3. Sit dignified, don't worry: find the position where you should sit in advance, and sit dignified and elegant after sitting.

4, feel at home, civilized dining: after everyone is seated, the host should say some polite words, and then everyone will follow after the host picks up chopsticks.

5, everyone eats well, eat well by themselves: everyone tries to take care of others at dinner.

6. Don't leave the table at will when eating. After eating, you can put chopsticks horizontally on the table to indicate that you will not continue to use them.

7. After dinner, the host got up and left first, and then everyone left.

8, there are many established taboos in the process of dining:

9. Don't talk to others with food in your mouth.

10, leftovers shall not be littered.

1 1 As the saying goes, "If the host doesn't invite you, the guests won't taste it." Don't show greed when eating.

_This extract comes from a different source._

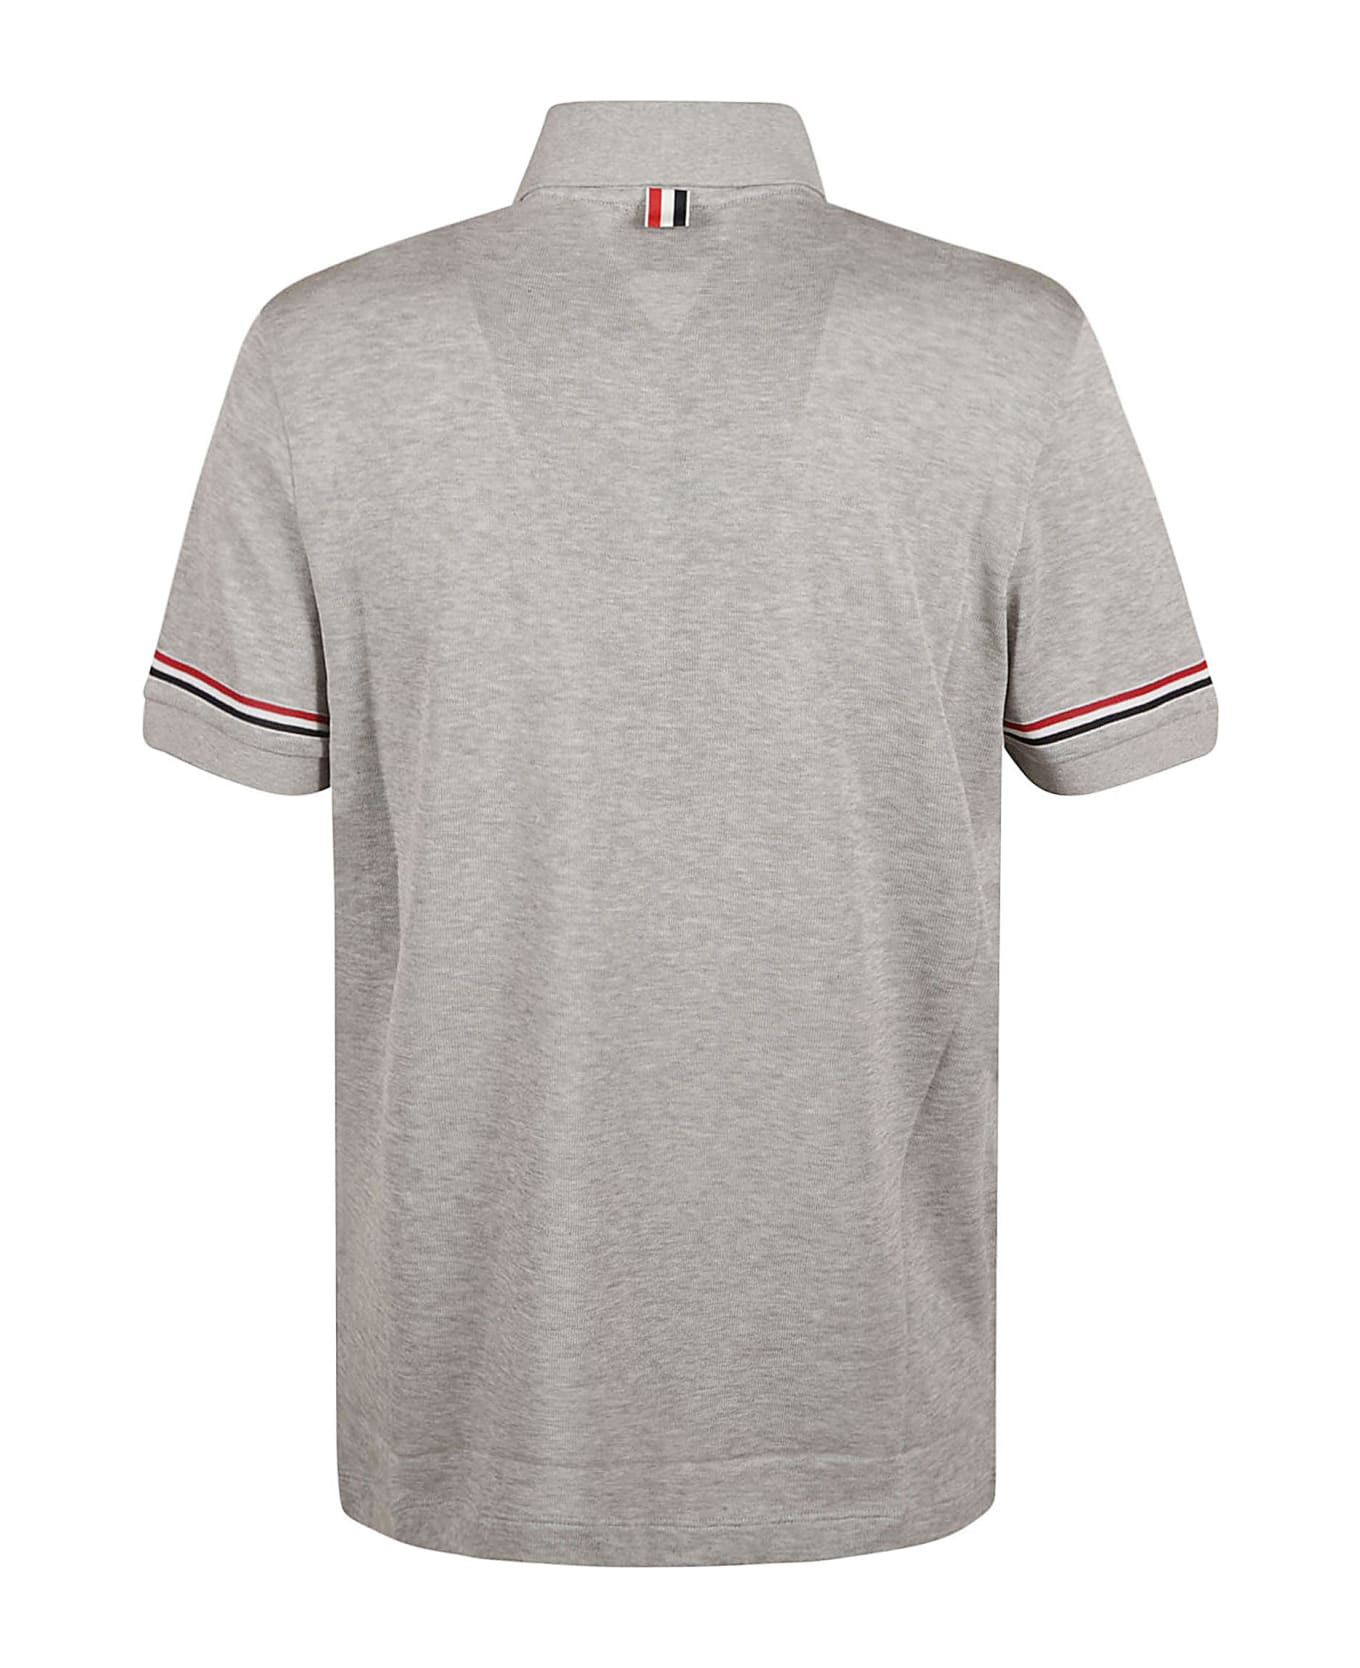 Thom Browne Rwb Polo Shirt - Medium Grey

12, don't let the lady sit at the end of the table.

13. Women don't pour wine for men of their peers or colleagues.

14, when eating, the big arm and elbow joint of the body are adducted, which should not give people the feeling of lying on the dining table.

15, don't smoke while eating, and don't blow your nose and gesture in public.

16, control your alcohol consumption, don't overdo it, it will make people feel insecure.